International Security Developments in Haiti: November 11–18, 2025

Between November 11 and 18, 2025, developments surrounding the United Nations-authorized Gang Suppression Force (GSF) revealed a growing sense of urgency but little tangible progress in mobilizing the manpower and resources required to operationalize the mission. On November 16, a newly released UN report highlighted that gang control in Haiti is no longer confined to Port-au-Prince but is expanding into rural regions, deepening the complexity of the security crisis and raising immediate concerns regarding the scale and type of response the GSF will need to field. The report underscores the deteriorating conditions on the ground, where armed groups continue to consolidate territorial control at a pace that threatens to outstrip the international community’s ability to deploy an effective stabilization force. This expanding geographic footprint greatly increases the operational demands placed on the future GSF, which was originally conceptualized with a strong focus on the capital region.
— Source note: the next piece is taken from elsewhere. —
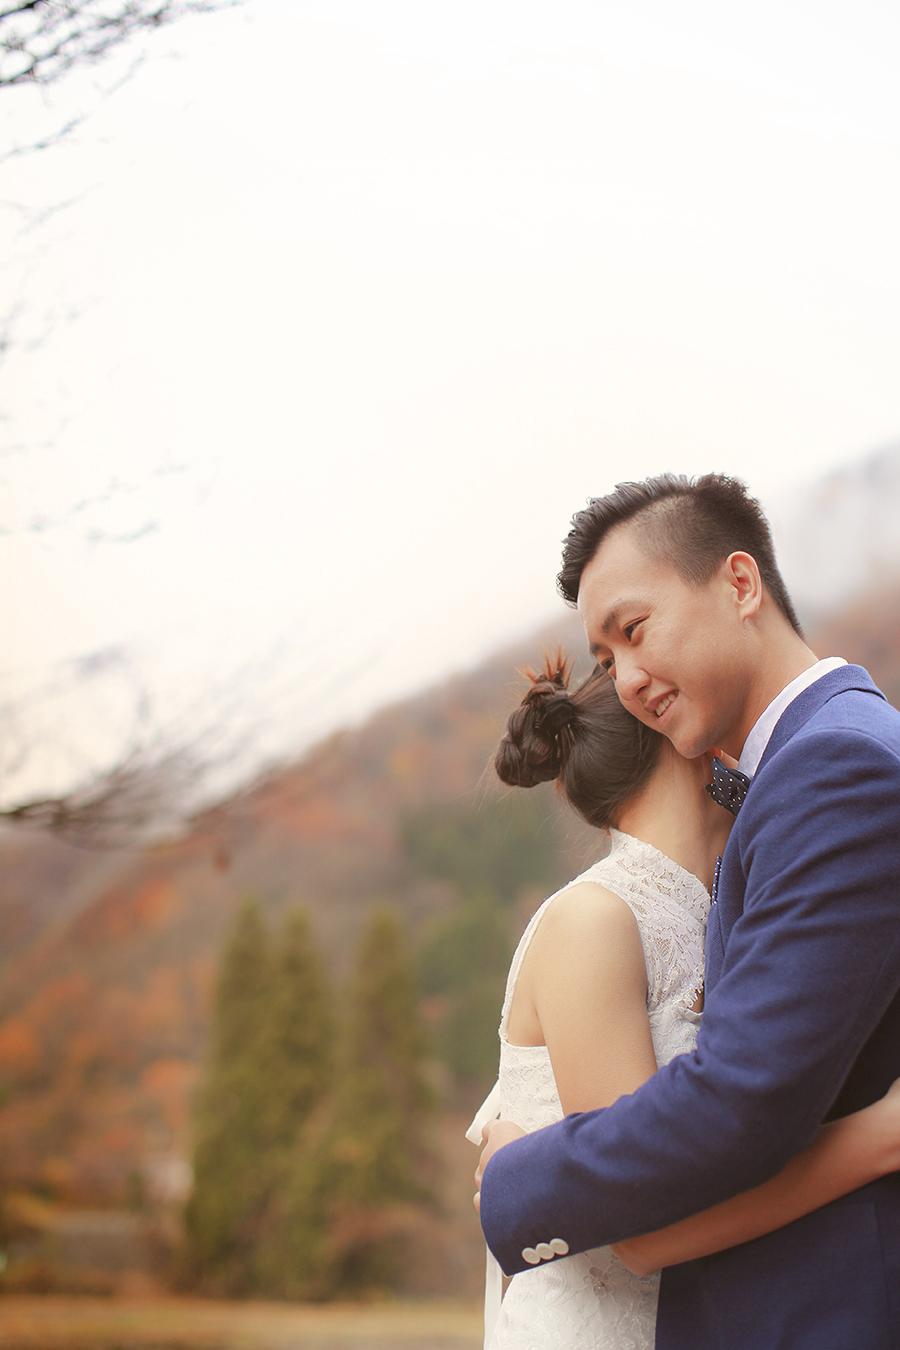 shirakawago japan . pre-wedding photography by kurt ahs . terry+zoey . 4256.jpg
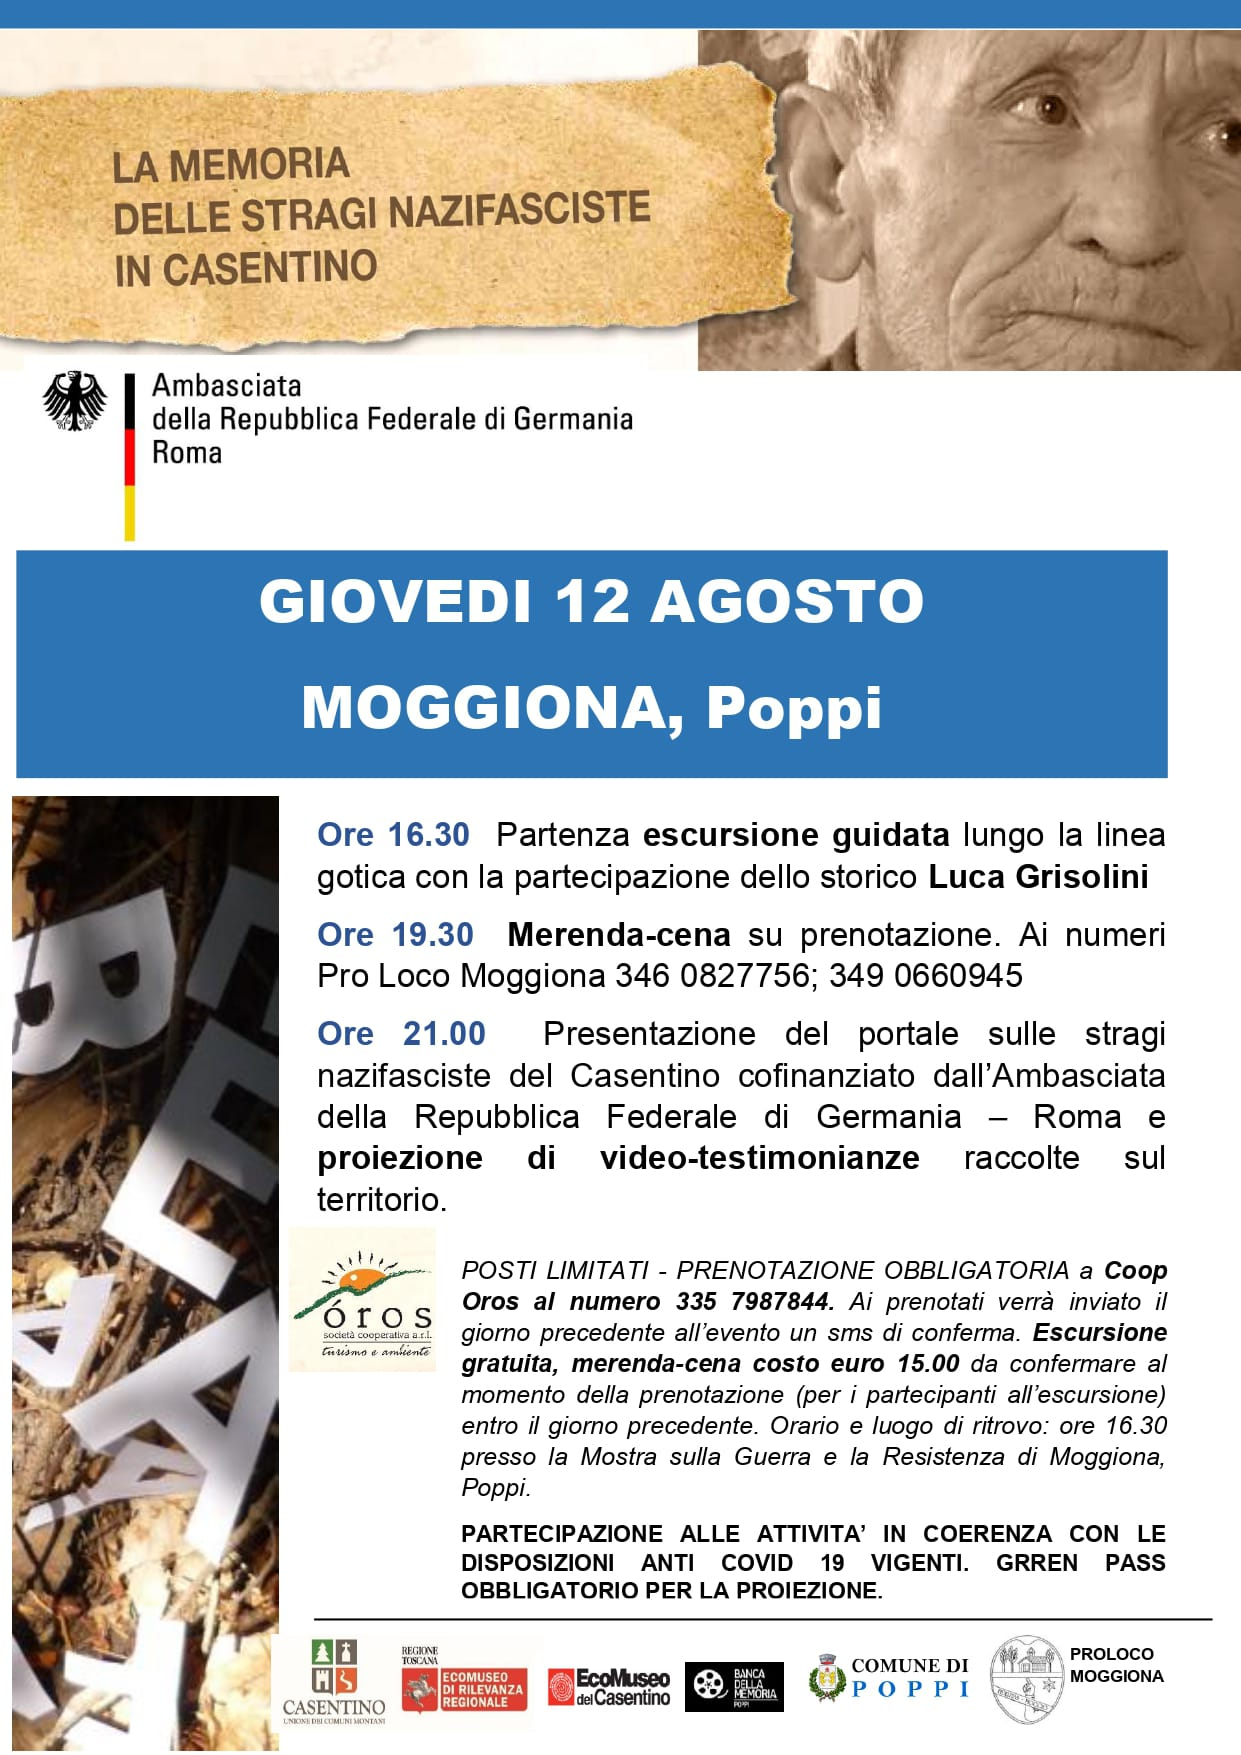 Moggiona, Poppi (AR)

Regional coordination efforts also featured prominently during this period. Although slightly outside the seven-day window, an OAS update published on November 5 shaped the context for the week by reaffirming the organization’s commitment to supporting UN Security Council Resolution 2793 and urging member states to submit nominations and formal contributions for the GSF. This alignment places the OAS in a central role in standardizing political support and operational guidelines for the mission. However, despite these structural advances, no new countries publicly pledged additional troops, police units, or specialized personnel during the November 11-18 timeframe. This continued absence of force commitments is notable given that the GSF’s mandate authorizes up to 5,500 personnel, a target that remains far from being met. Analysts continue to warn that the mission risks replicating past failures if the gap between authorized capacity and deployed capacity is not closed quickly.


The week also revealed the extent of the mission’s implementation challenges. While the mandate is robust in tasking the GSF with neutralizing, deterring, and containing heavily armed gangs, the force remains largely conceptual. Donor countries have not yet delivered comprehensive deployment timelines, personnel rosters, logistics packages, or funding levels required to operationalize the mission. No updates emerged regarding the establishment of forward operating bases, appointment of senior command staff, or development of a logistical backbone capable of sustaining a multinational deployment. At the same time, policy analysis released within the week reinforced concerns that the UN may be attempting to reinvent peacekeeping in Haiti without securing the foundational resources needed for success. With gang expansion accelerating and donor commitments stagnant, the operational window for meaningful intervention is narrowing. The coming period will be decisive: whether partners translate political will into concrete contributions or whether Haiti continues to face escalating violence while awaiting an international response that has yet to materialize.